As Long As We Keep Moving is an album and film of a live studio session conducted by British indie rock band Maxïmo Park. It was released in March 2019 through their own Daylighting imprint as well as Cooking Vinyl. Paul Smith commented that one reason for creating the package was to capture the energy of the songs' live arrangements in contrast to the studio setting, as it had been a long time since their last official live film release. It also marks the departure of founding member and keyboardist Lukas Wooller, who left the band coinciding the release campaign.

==Release==
Originally planned for release on 22 February, the recording was released in March both as a standalone CD and as a 2-disc CD/DVD hardback book package with several pages of photographs with psychedelic treatments in keeping with the editing style of the video. The release was preceded by a premiere of the film at Tyneside Cinema on 21 February, followed by a Q&A with the band.

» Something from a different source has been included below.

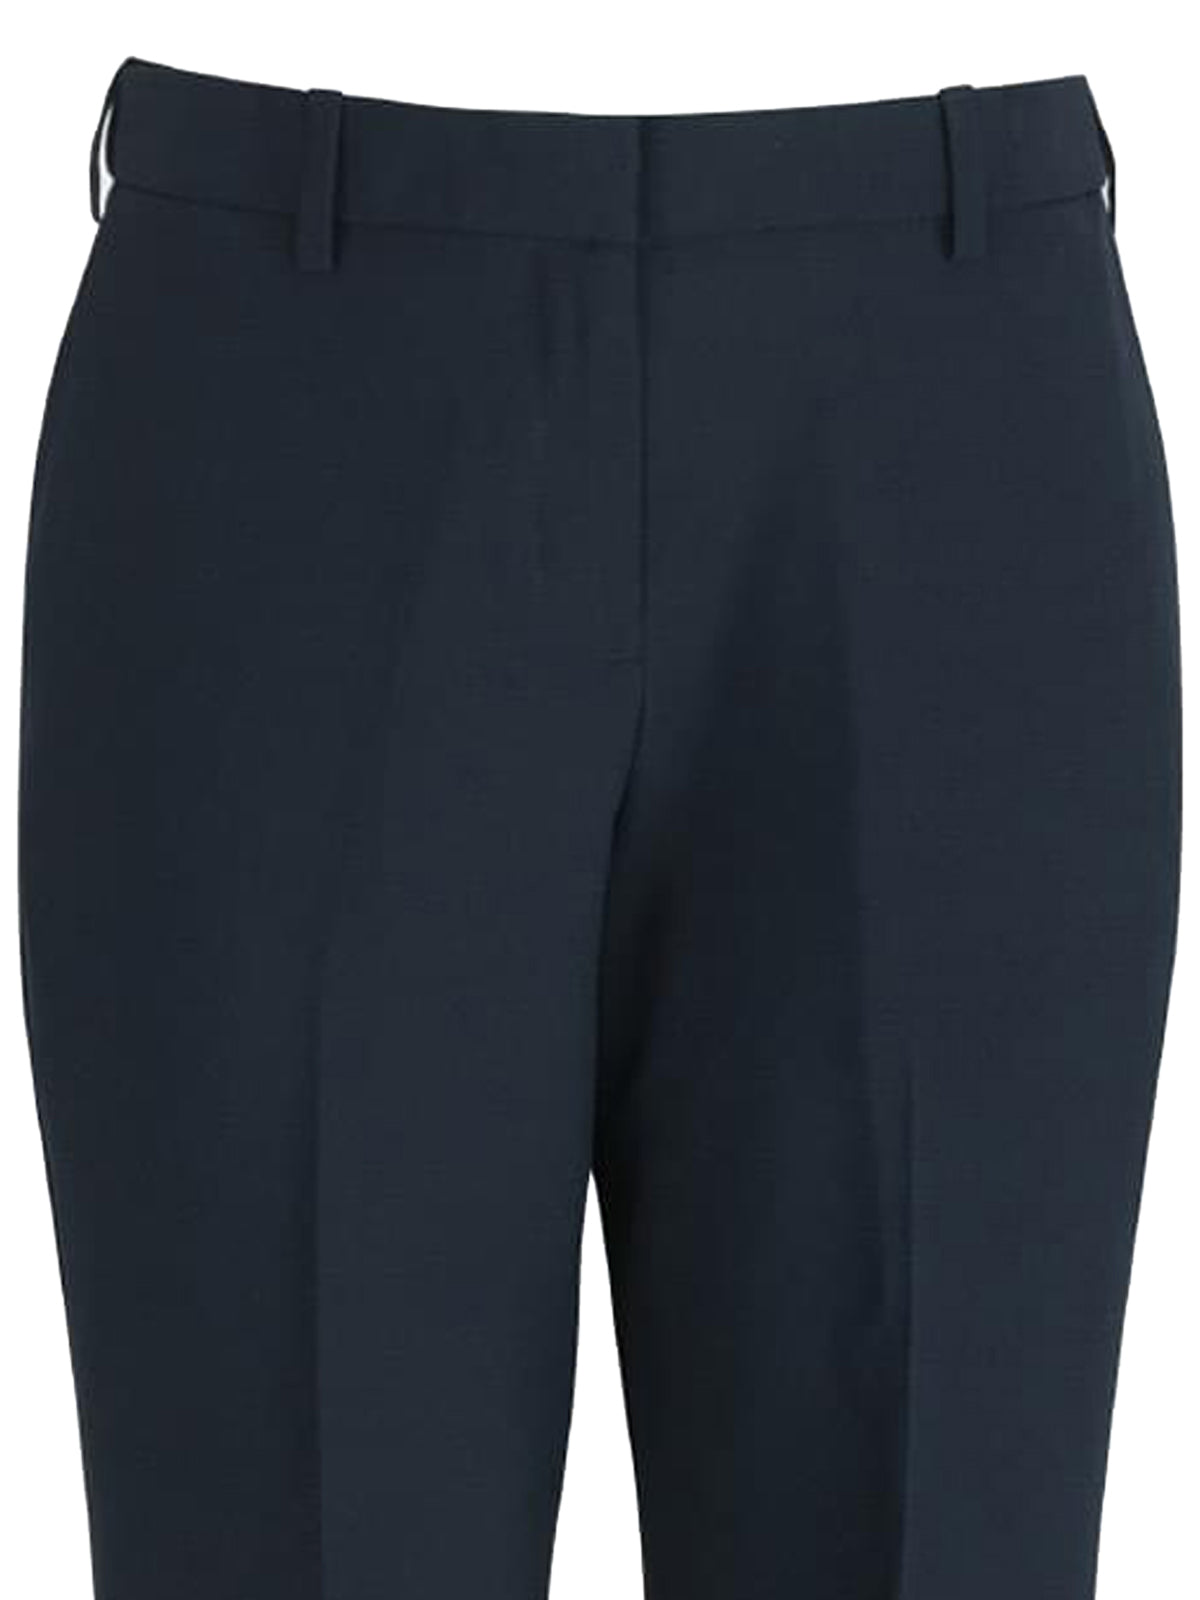 Women's EZ Fit Flat-Front Pant

Pre-orders from the band's official store came with a bonus CD of three songs recorded in the soundcheck for the live session.

==Track listing==

| No. | Title | Writer(s) | Length |
|---|---|---|---|
| 1. | "Get High (No, I Don't)" | Duncan Lloyd, Paul Smith | 3:25 |
| 2. | "I Want You To Stay" | Lukas Wooller, Smith | 3:48 |
| 3. | "Girls Who Play Guitars" | Lloyd, Smith | 3:19 |
| 4. | "Questing, Not Coasting" | Lloyd, Smith | 3:41 |
| 5. | "The National Health" | Lloyd, Wooller, Smith | 3:04 |
| 6. | "A19" | Lloyd, Smith | 2:19 |
| 7. | "What Equals Love?" | Lloyd, Smith | 3:51 |
| 8. | "Limassol" | Archis Tiku, Smith | 3:46 |
| 9. | "Midnight on the Hill" | Lloyd, Smith | 4:42 |
| 10. | "Books From Boxes" | Lloyd, Smith | 3:35 |
| Total length: |  |  | 35:30 |

Pre-Order Bonus Disc
| No. | Title | Length |
|---|---|---|
| 1. | "By The Monument" | 3:13 |
| 2. | "The Hero" | 3:44 |
| 3. | "The Undercurrents" | 3:51 |

==Personnel==
Maxïmo Park
- Paul Smith – vocals
- Duncan Lloyd – guitars
- Lukas Wooller – keyboards
- Tom English – drums
- Paul Rafferty – bass guitar (credited as 'Featuring Paul Rafferty', as Rafferty was not an official member of the band at the time of recording, although he featured on previous studio album Risk to Exist)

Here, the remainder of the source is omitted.